Maybe more surprising, there is a group of people who feel like they need to be on a psych unit. They often don’t admit it, but they like being on the unit. These are often people who have become their illnesses. They see themselves as permanently incapable of caring for themselves. They are profoundly lonely and no longer believe they have any control over their own life. And unfortunately, being on the psych unit, with all the care and attention they receive, their situation worsens and makes them believe that they actually needed the hospitalization. One of these poor souls would grin and high-five me when she arrived in the psychiatric portion of the emergency department after a feeble suicide attempt.
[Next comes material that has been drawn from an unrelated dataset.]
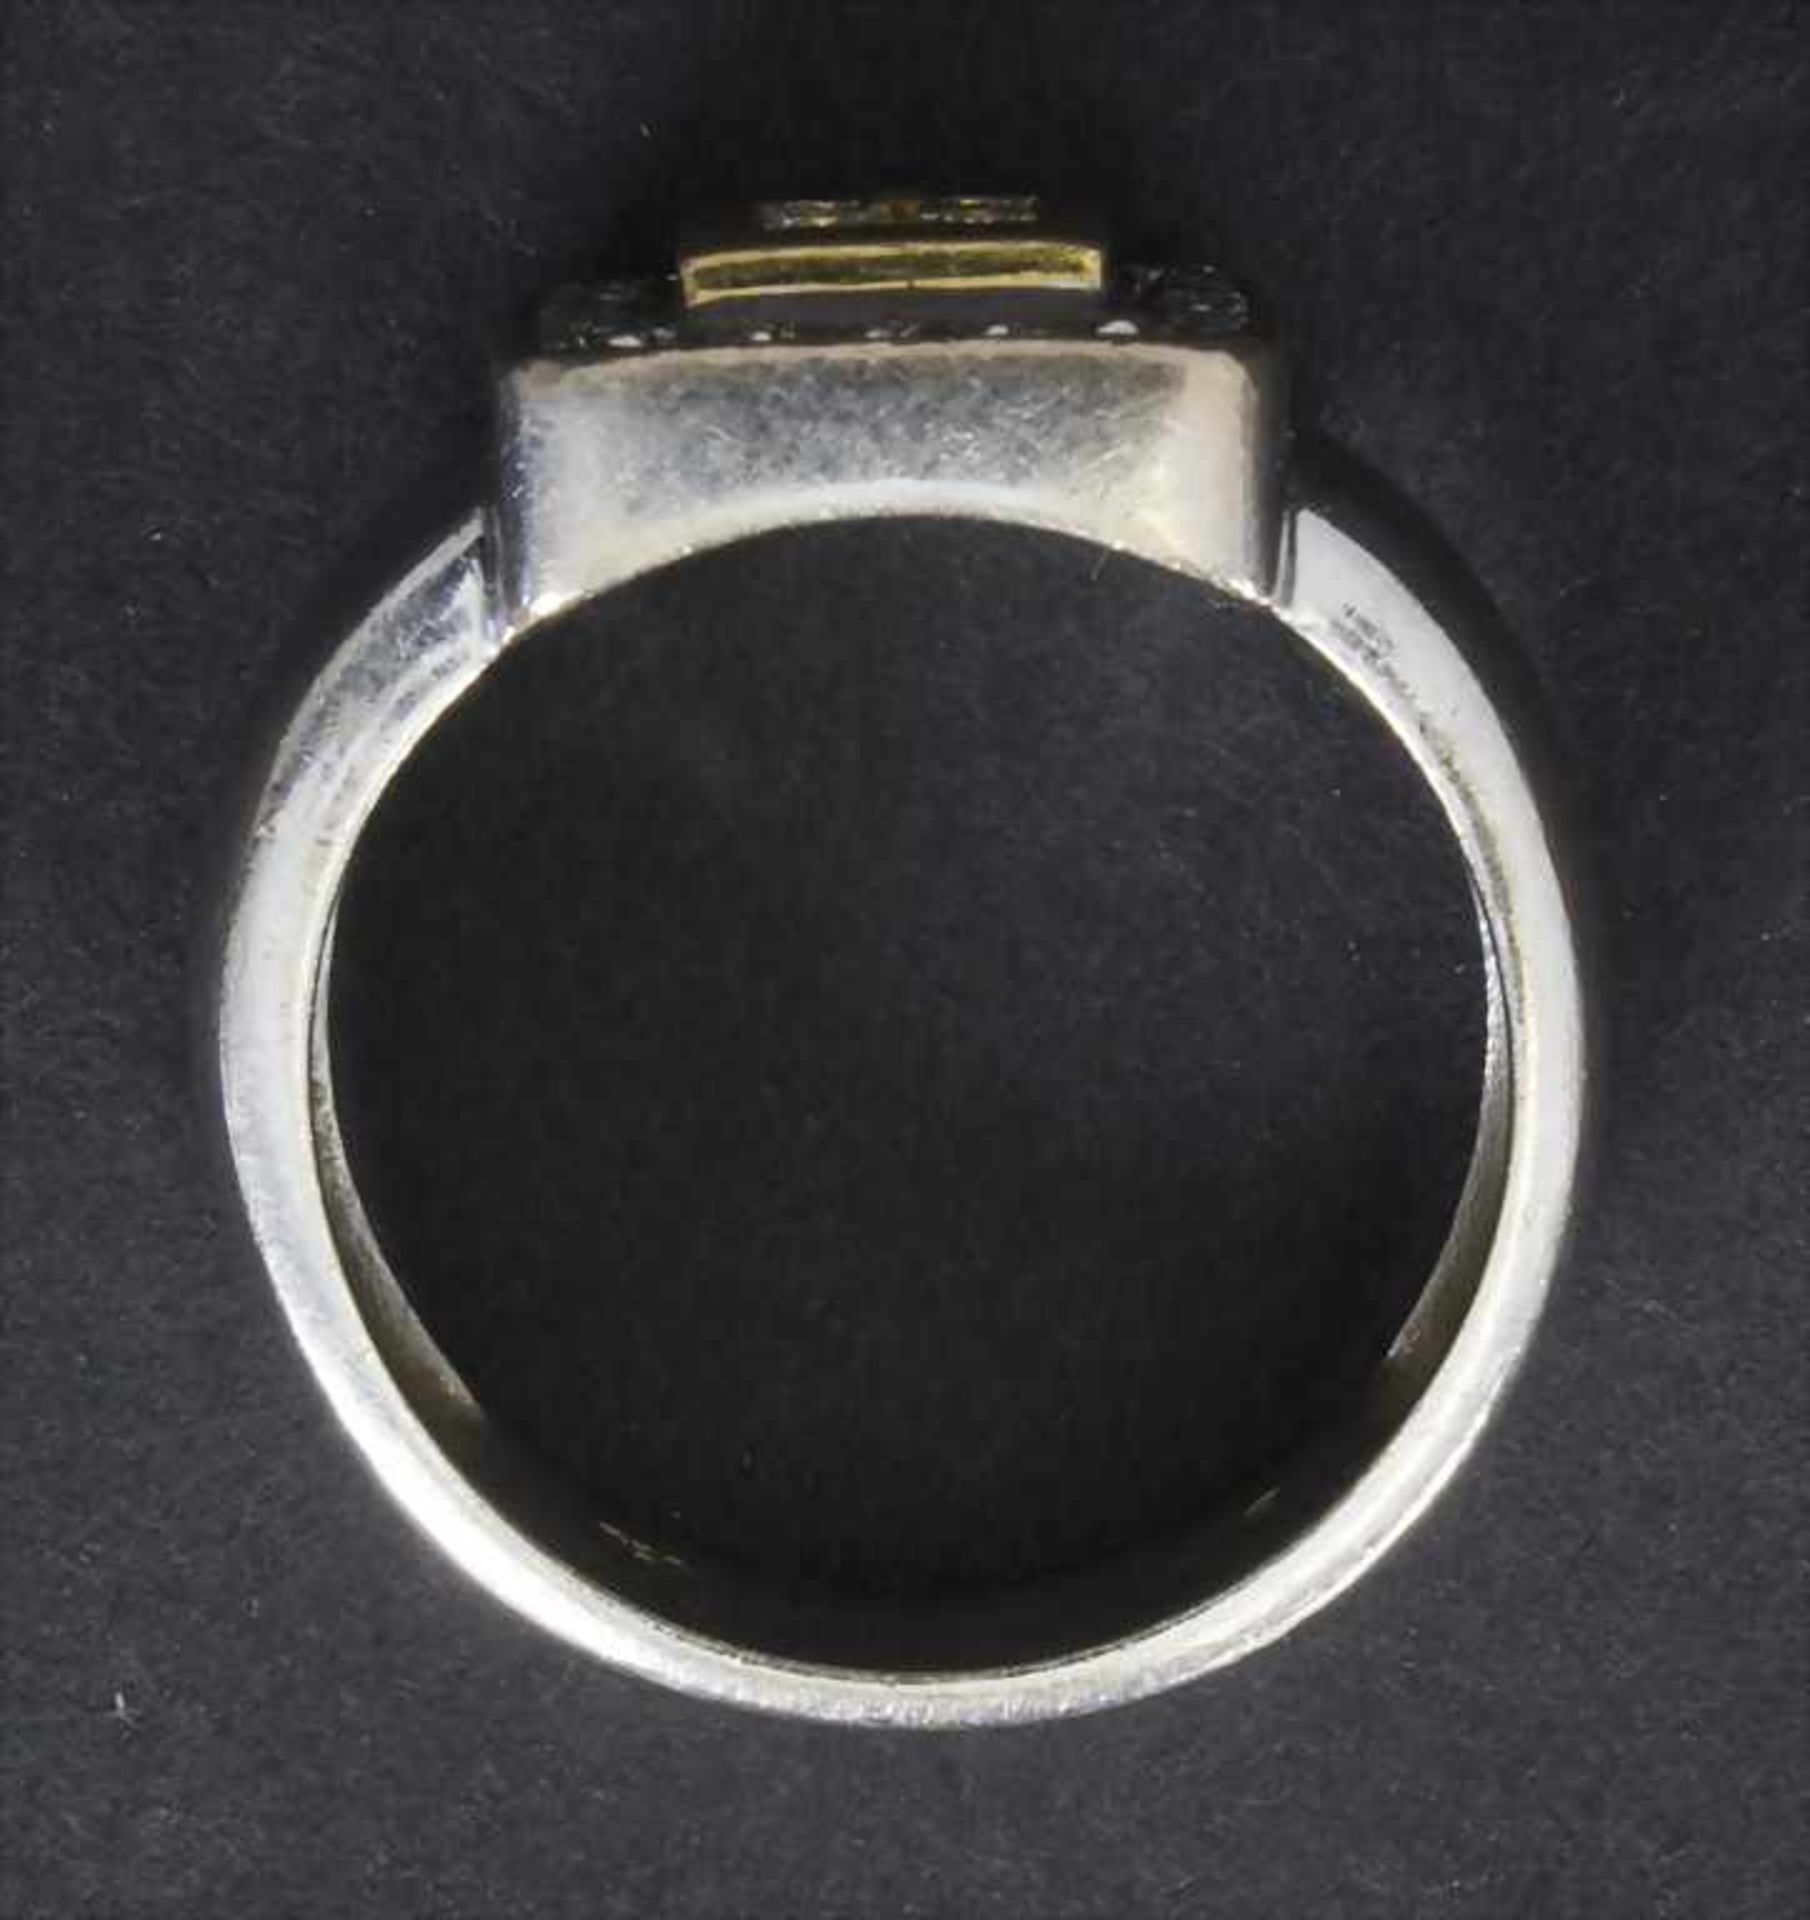 Damenring mit Diamanten / A ladies ring with diamondsMaterial: WG/GG 750/000 ,RG: 57,Gewicht: 11,8 - Image 2 of 2
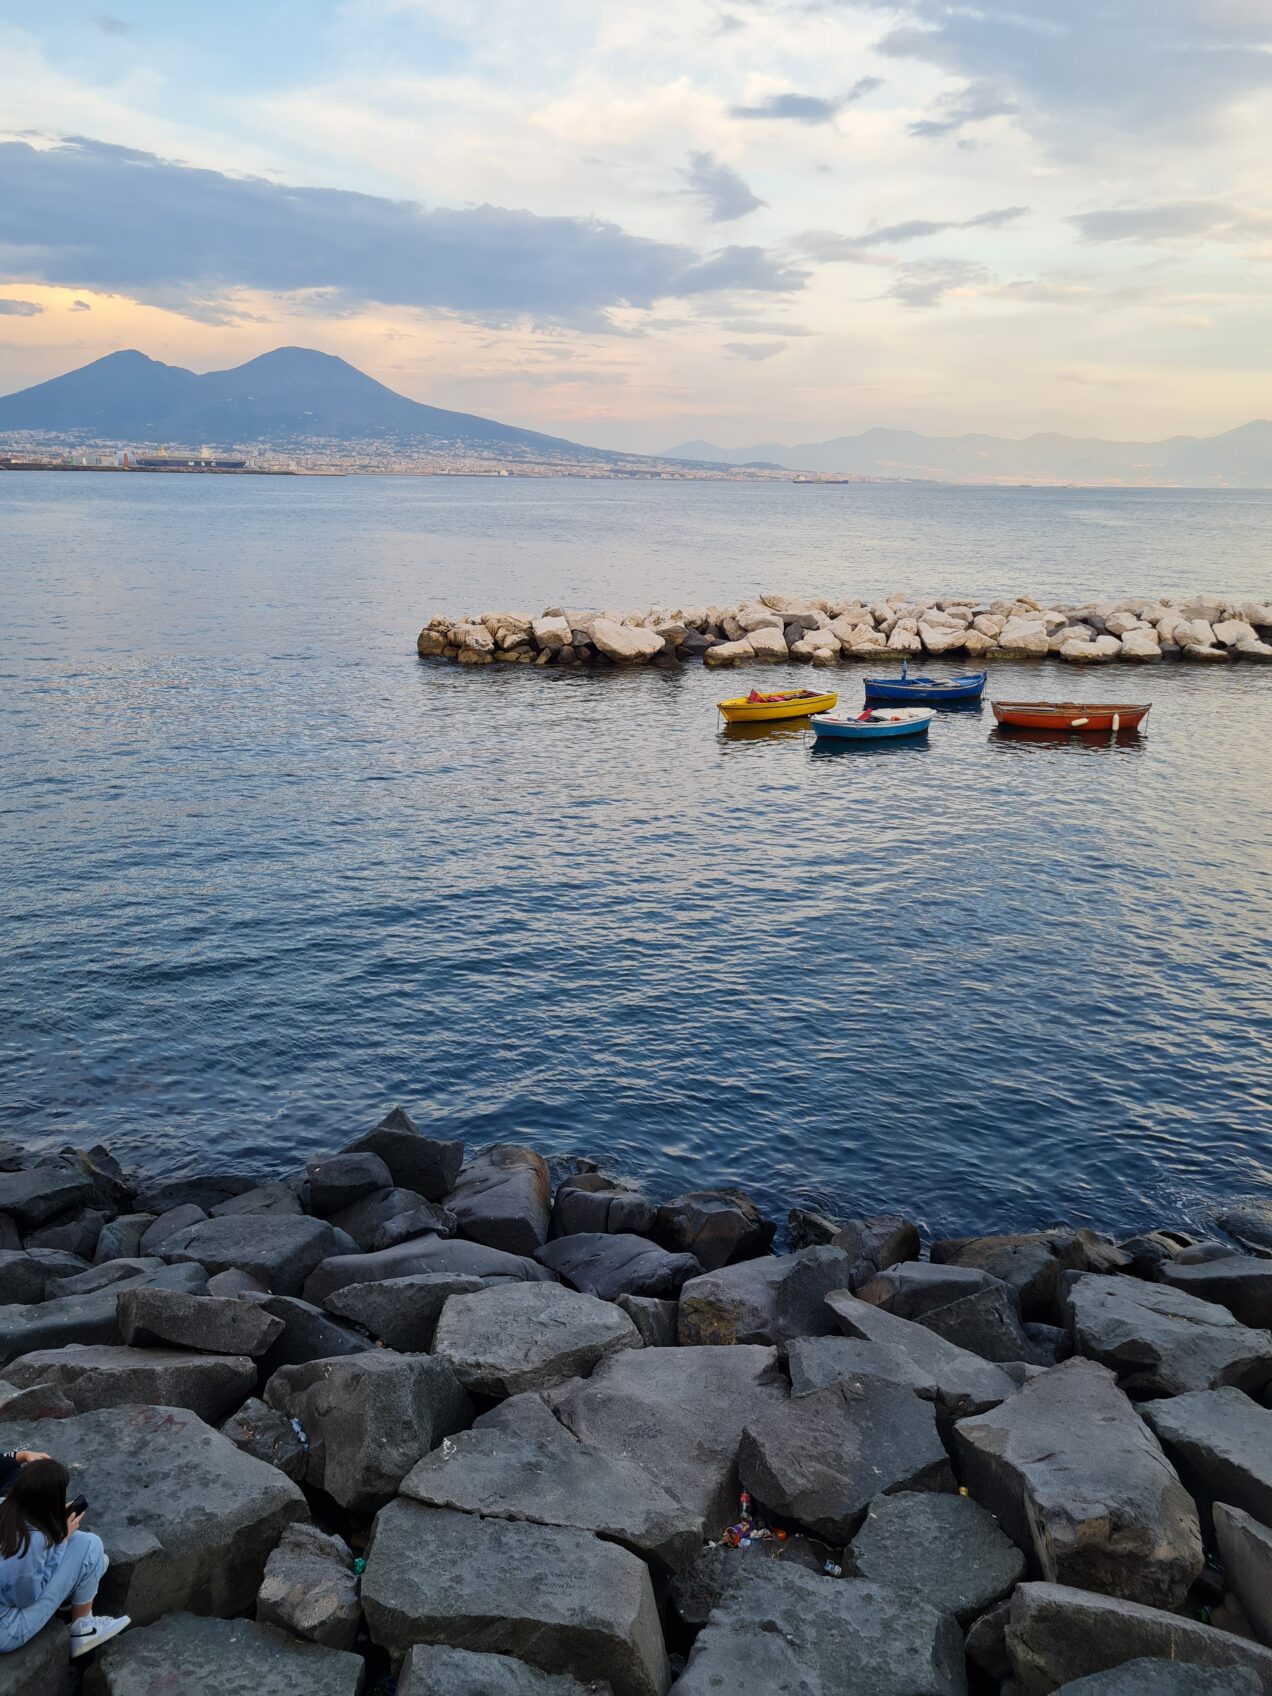 Naples Views

It is essential to remember (and I need to remind myself from time to time), and this is not all there is to psychiatry. The other side of the coin exists as well - those people who desperately need mental health care but refuse it. Bipolar and schizophrenia often lead to this problem because the person suffering doesn’t realize that they are mentally ill or would benefit from help. Time and again, seriously ill people, often hearing voices or thinking the FBI was after them, would be brought into the emergency department by police or by their family. But many times, because they didn’t have thoughts of hurting themselves or others and didn’t want to stay in the hospital, I had to send them home. This was in spite of parents pleading with me to keep them in the hospital. I sided with the parents, knowing these people desparately needed hospitalization and medication, but my hands were tied. These people couldn’t be held against their will because so-called mental health advocates had helped bring forth policy for them to have “the freedom to choose.” But free will in their case, with their minds poisoned by delusions and hallucinations, was an illusion.
But this can also occur in severe depression. When someone truly wants to kill themselves and has come to this decision after deliberation, they see no need for mental health care. They just go and complete the act. This highly depressed group, probably at the highest risk of dying by suicide, refuses help even though they need it.
What do I/we do with all this? I’m not sure, but knowing about it is a start. Part of the problem would be solved by changing commitment laws to allow more mentally ill people to be held and treated against their will.
I do think this conundrum can give us some insight into why those who work in the mental health field become burned out. People enter the field because they want to make a difference, to help people. But when they run into this quirk not just once but over and over, they begin to question how much good they are actually doing. Are they doing good at all? Or, God forbid, are they making things worse?
While this is a real and persistent problem, not everyone with mental health struggles falls into these two camps. That would be a deadly overgeneralization. There are those who make the suggested behavioral changes. And there are those, with bipolar or even schizophrenia, who realize they need medical help and are able to lead a relatively stable life. Maybe this makes it all worth it.